Search code examples
rdataframecsvnumber-formatting

R won't read in numeric values of CSV in data frame


I am a beginner in R, so please bear with me! I have a csv read into R, it shows the relative abundance of different species at 9 sites. I am trying to get a summation of the rows, however R will not read the numerical values as such, which is going to lead to more issues as I try to run an NMDS ordination analysis. Here are some details about my data:

class(MSBees.spp)

[1] "data.frame"

First few rows of what str() prints:

str(MSBees.spp)  

'data.frame':   9 obs. of  29 variables:  
 $ X     : chr  "Site 1" "Site 2" "Site 3" "Site 4" ...  
 $ COLALG: num  0.02013 0.00997 0 0 0 ...  
 $ COLCAL: num  0 0 0 0 0 0 0 0 0  
 $ COLCON: num  0 0 0 0 0 0 0.00339 0 0  
 $ COLFUL: num  0 0 0 0 0 0.00361 0 0 0  
 $ COLOBS: num  0.00671 0.00664 0.00755 0.00292 0 ... 

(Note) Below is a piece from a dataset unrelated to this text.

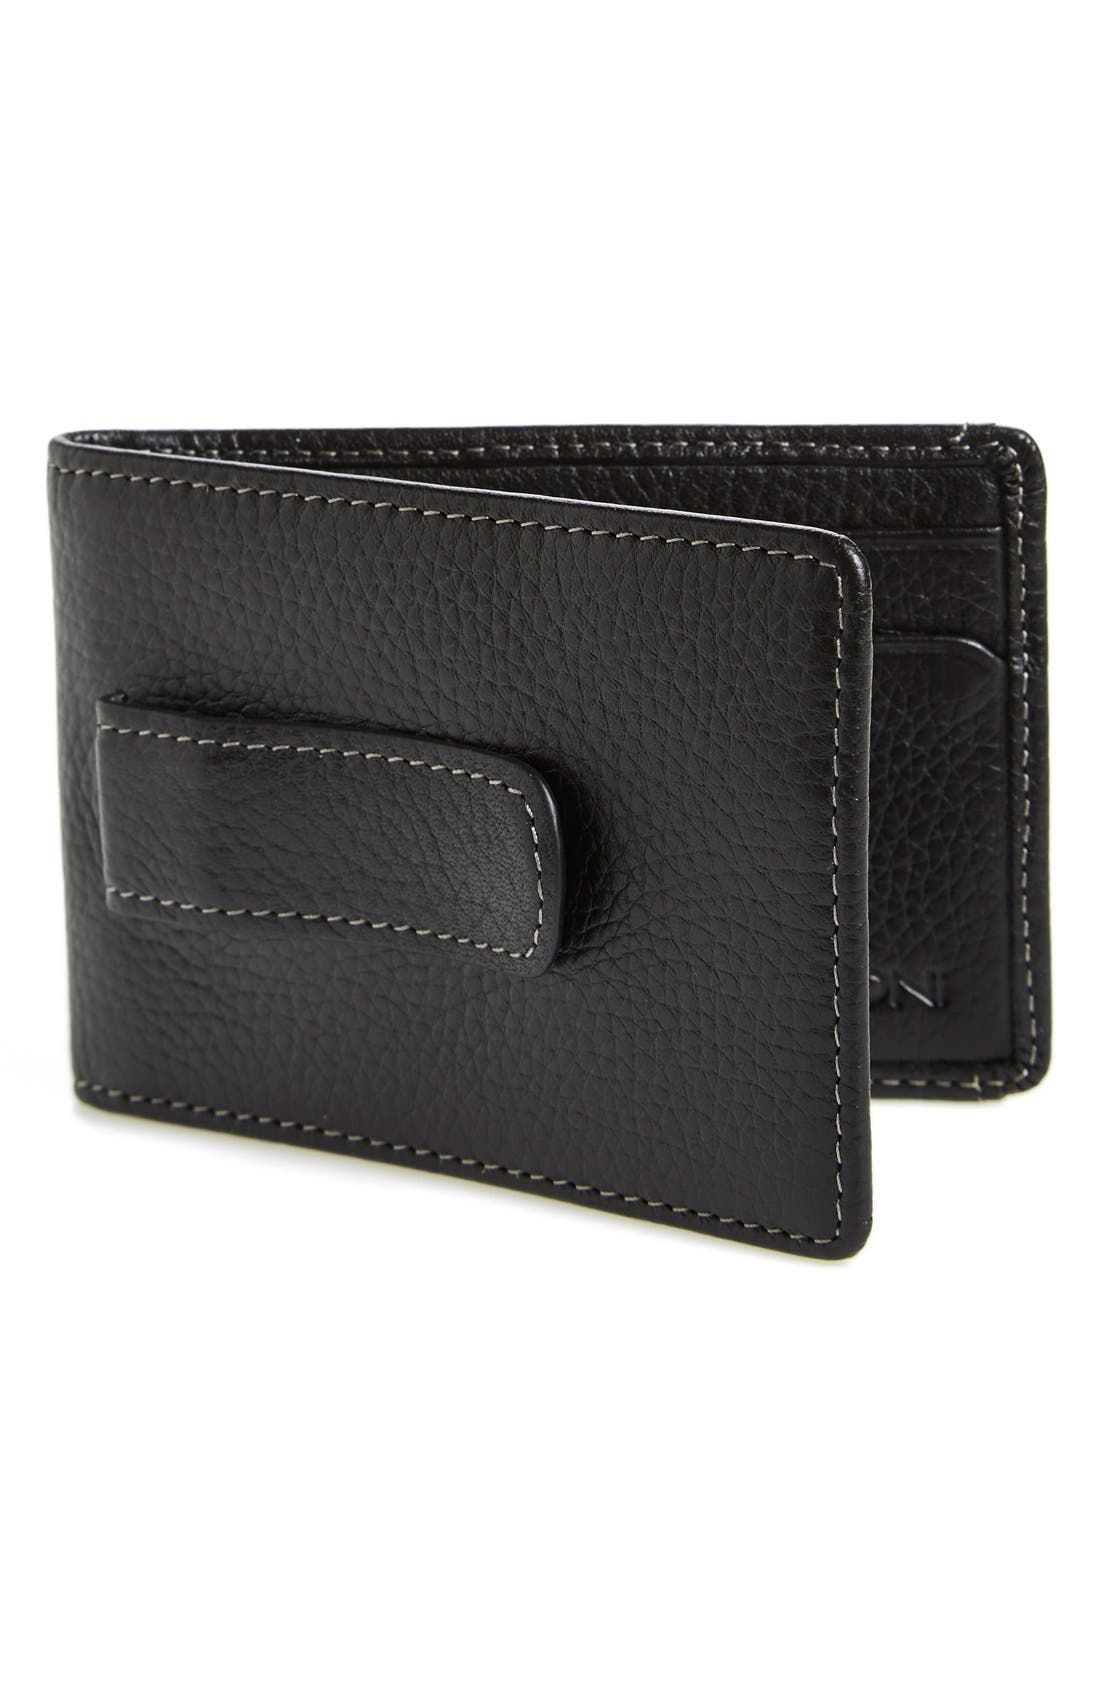 'Tyler' Money Clip Wallet,                             Main thumbnail 1, color,                             001

What my code looks like so far:

MSBees.spp <- read.csv("data_transposed.csv", header = TRUE)   
MSBees.env <- read.csv("data_transposed.env.csv", header = TRUE, row.names = 1)   
MSBees_PA.spp <- read.csv("data_transposed.csv", header = TRUE, row.names = 1)  
MSBees_abund.spp <- read.csv("data_transposed.csv", header = TRUE, row.names = 1)   
sum.of.rows <- apply(MSBees.spp, 1, sum) 

which returns:
Error in FUN(newX[, i], ...) : invalid 'type' (character) of argument

I have tried to coerce them to be numeric with:

as.numeric (MSBees.spp)

and

data.frame(lapply(MSBees.spp [2:9, 2:29], as.numeric)) 

but no luck in being able to run the apply() function successfully.
Am I sure I am just not reading the csv in properly or coercing them properly, but just can't get it right. Any tips? Please and thank you!


Solution

  • The row wise sum

    apply(MSBees.spp, 1, sum) 
    

    is an issue because the first column based on the str is character.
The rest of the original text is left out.